Regex

Regular Expression Basics

# import regular expression module
>>> import re

# define pattern
>>> phoneNumRegex = re.compile(r'\d\d\d-\d\d\d\d-\d\d\d\d')

# this is example text
>>> text = "My phone number is 080-3558-0177"

# search pattern in text
>>> phoneNumRegex.search(text)
<_sre.SRE_Match object; span=(19, 32), match='080-3558-0177'>

# if object is found .group() will be the pattern
>>> phoneNumRegex.search(text).group()
'080-3558-0177'

Summary

Regex Groups and the Pipe Character

Group

# create groups
>>> import re
>>> phoneNumRegex = re.compile(r'(\d\d\d)-(\d\d\d\d)-\d\d\d\d')
>>> text = "My phone number is 080-3558-0177"
>>> mo = phoneNumRegex.search(text)
>>> mo.group()
'080-3558-0177'
>>> mo.group(1)
'080'
>>> mo.group(2)
'3558'


# escape group
>>> phoneNumRegex = re.compile(r'\(\d\d\d\) \d\d\d\d-\d\d\d\d')
>>> text = "My phone number is (080) 3558-0177"
>>> mo = phoneNumRegex.search(text)
>>> mo.group()
'(080) 3558-0177'

Pipe

>>> superRegex = re.compile(r'super(man|woman|boy|girl)')
>>> mo = superRegex.search("Hey superboy, come here!")
>>> mo.group()
'superboy'
>>> mo.group(1)
'boy'
>>> mo = superRegex.search("Hey supergirl, come here!")
>>> mo.group()
'supergirl'
>>> mo.group(1)
'girl'

Summary

![alt text][groupPipe] [groupPipe]: https://github.com/byam/Byam-Programming-Notes/blob/master/python-note/Regex/images/groupPipe.png "groupPipe"

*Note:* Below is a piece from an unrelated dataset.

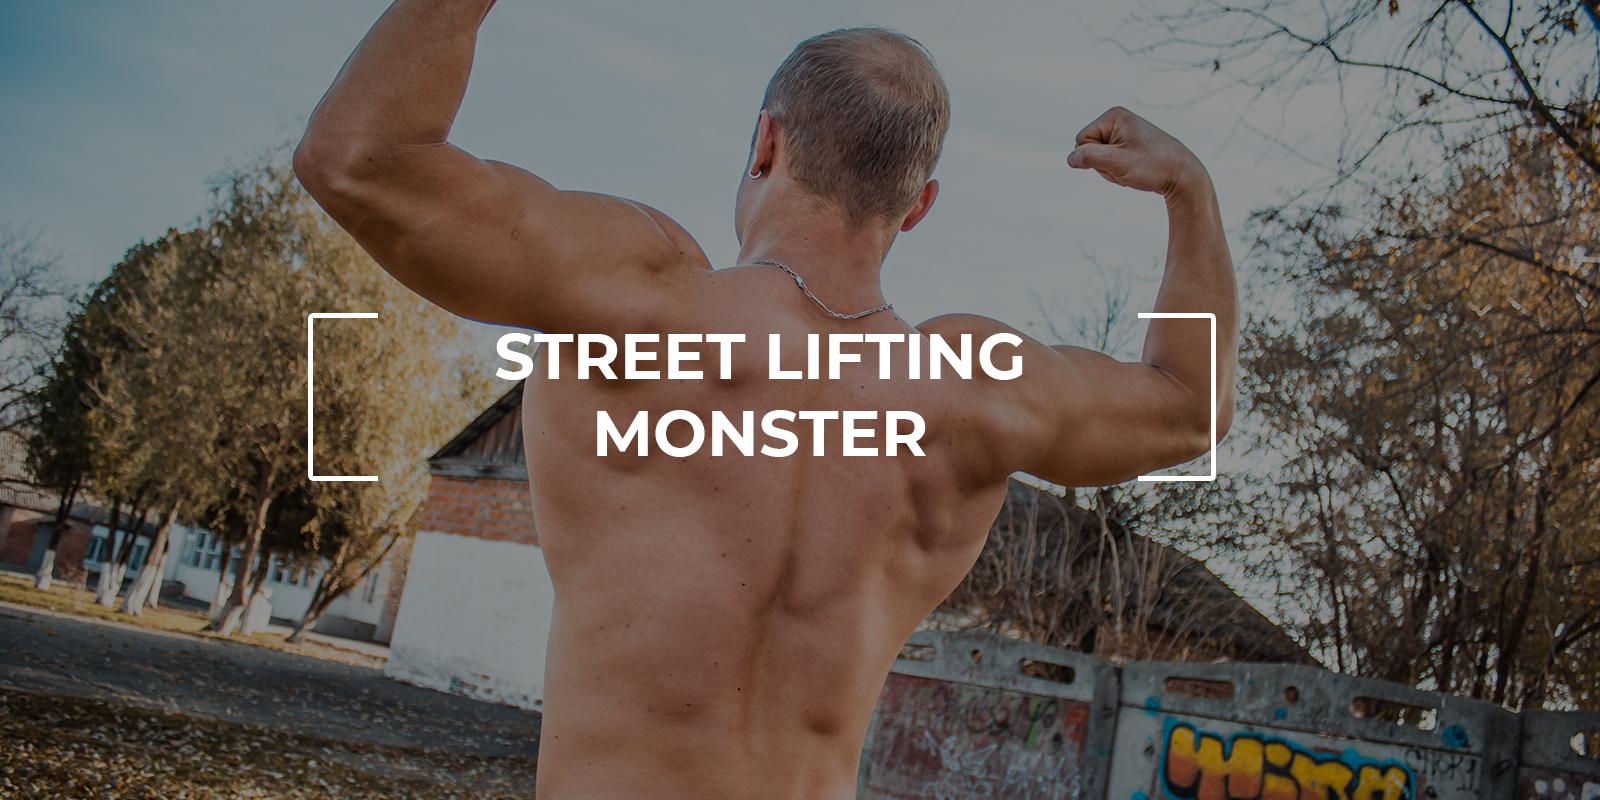 STREET LIFTING MONSTER
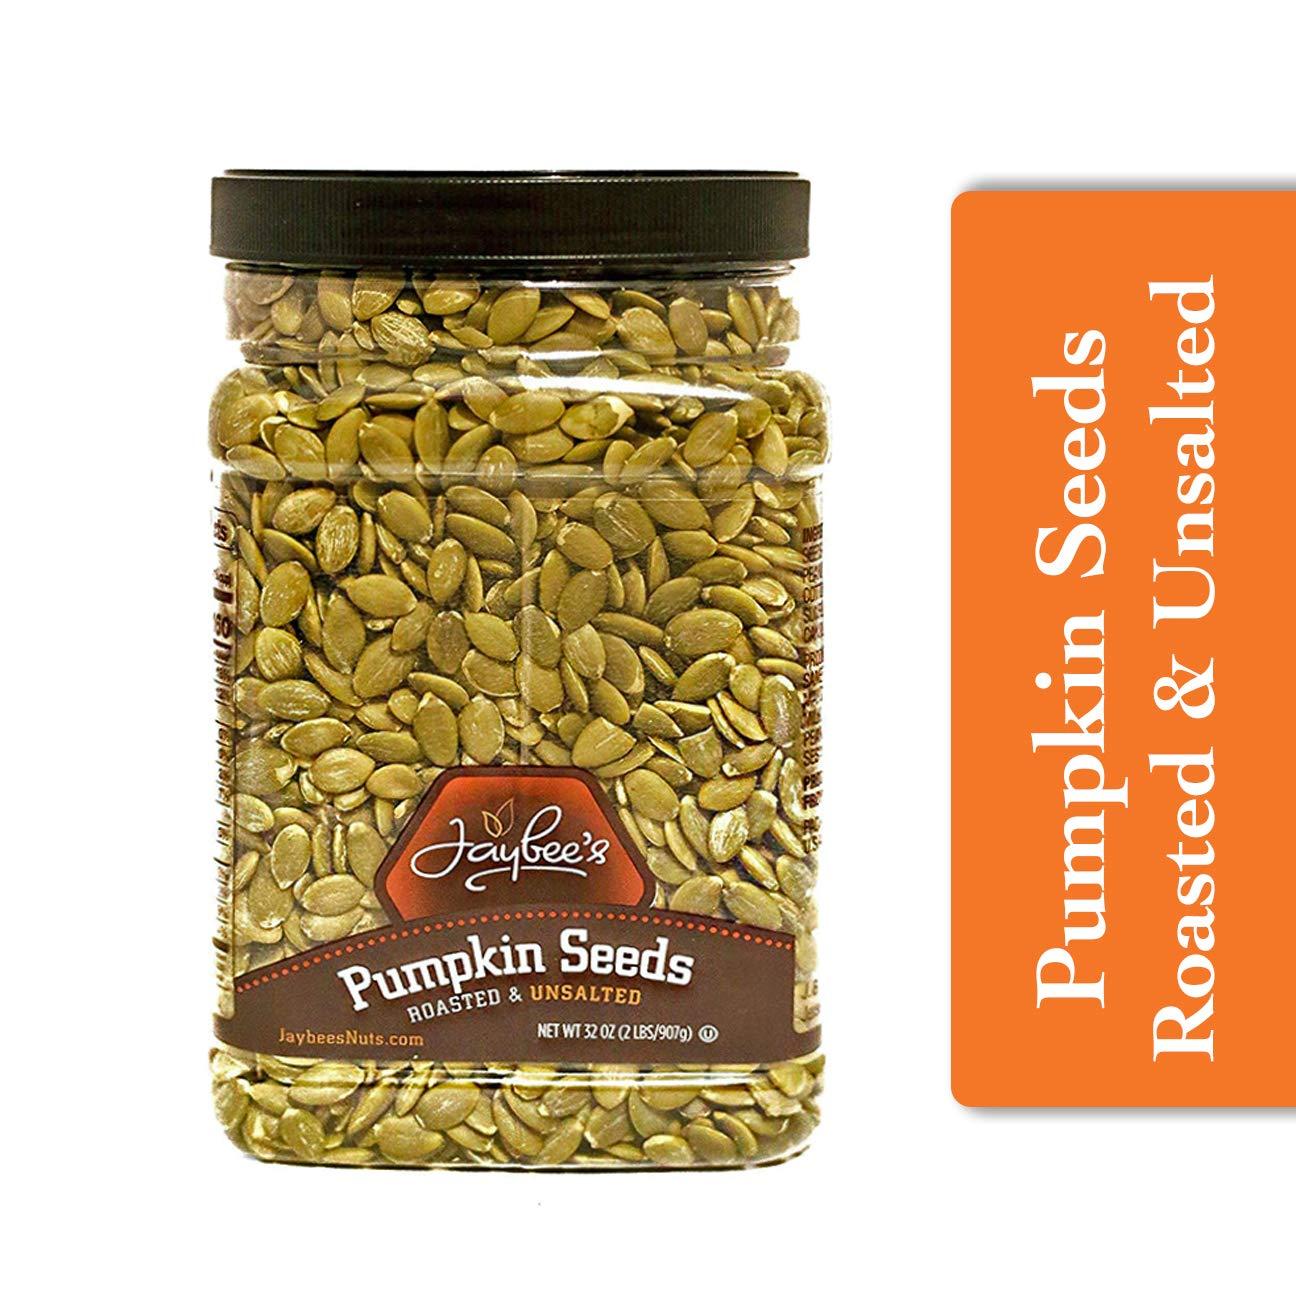 Jaybee's Nuts Pumpkin Seeds Pepitas - Roasted Unsalted (2 LBS) Fresh, Vegetarian, Vegan Friendly, Gluten Free, Keto Snack & Kosher Certified -Great Healthy Everyday Snack - Reusable Container

Repetition in Regex Patterns and Greedy/Nongreedy Matching

Repetition in Regex Patterns

>>> import re

# '?' means 0 or 1 time
>>> superRegex = re.compile(r'super(wo)?man')
>>> superRegex.search("Hey superwoman, come here!").group()
'superwoman'
>>> superRegex.search("Hey superman, come here!").group()
'superman'
>>> superRegex.search("Hey superwowoman, come here!") == None
True


# '*' means 0 or more times
>>> superRegex = re.compile(r'super(wo)*man')
>>> superRegex.search("Hey superwowoman, come here!").group()
'superwowoman'
>>> superRegex.search("Hey superman, come here!").group()
'superman'
>>> superRegex.search("Hey superwoman, come here!").group()
'superwoman'


# '+' mean 1 or more times
>>> superRegex = re.compile(r'super(wo)+man')
>>> superRegex.search("Hey superwowoman, come here!").group()
'superwowoman'
>>> superRegex.search("Hey superwoman, come here!").group()
'superwoman'
>>> superRegex.search("Hey superman, come here!") == None
True

# escaping
>>> escapeRegex = re.compile(r'\?\*\+')
>>> escapeRegex.search("This is the ?*+").group()
'?*+'


# (){n} means n times
>>> ntimeRegex = re.compile(r'(ha){3}')
>>> ntimeRegex.search("Bya said hahaha")
<_sre.SRE_Match object; span=(9, 15), match='hahaha'>
>>> ntimeRegex.search("Bya said hahahahaha")
<_sre.SRE_Match object; span=(9, 15), match='hahaha'>

# (){x,y} means at least x times, max y times
>>> ntimeRegex = re.compile(r'(ha){3,5}')
>>> ntimeRegex.search("Bya said hahahahaha")
<_sre.SRE_Match object; span=(9, 19), match='hahahahaha'>
>>> ntimeRegex.search("Bya said hahaha")
<_sre.SRE_Match object; span=(9, 15), match='hahaha'>

>>> ntimeRegex = re.compile(r'(ha){3,}')
>>> ntimeRegex.search("Bya said hahahahaha")
<_sre.SRE_Match object; span=(9, 19), match='hahahahaha'>
>>> ntimeRegex = re.compile(r'(ha){,5}')
>>> ntimeRegex.search("Bya said hahaha")
<_sre.SRE_Match object; span=(0, 0), match=''>

Greedy/Nongreedy Matching

# Greeady search
>>> greedyRegex = re.compile(r'(\d){3,5}')
>>> greedyRegex.search("0123456789")
<_sre.SRE_Match object; span=(0, 5), match='01234'>


# Nongreedy search
>>> greedyRegex = re.compile(r'(\d){3,5}?')
>>> greedyRegex.search("0123456789")
<_sre.SRE_Match object; span=(0, 3), match='012'>

Summary

![alt text][repetitions] [repetitions]: https://github.com/byam/Byam-Programming-Notes/blob/master/python-note/Regex/images/repetitions.png "repetitions"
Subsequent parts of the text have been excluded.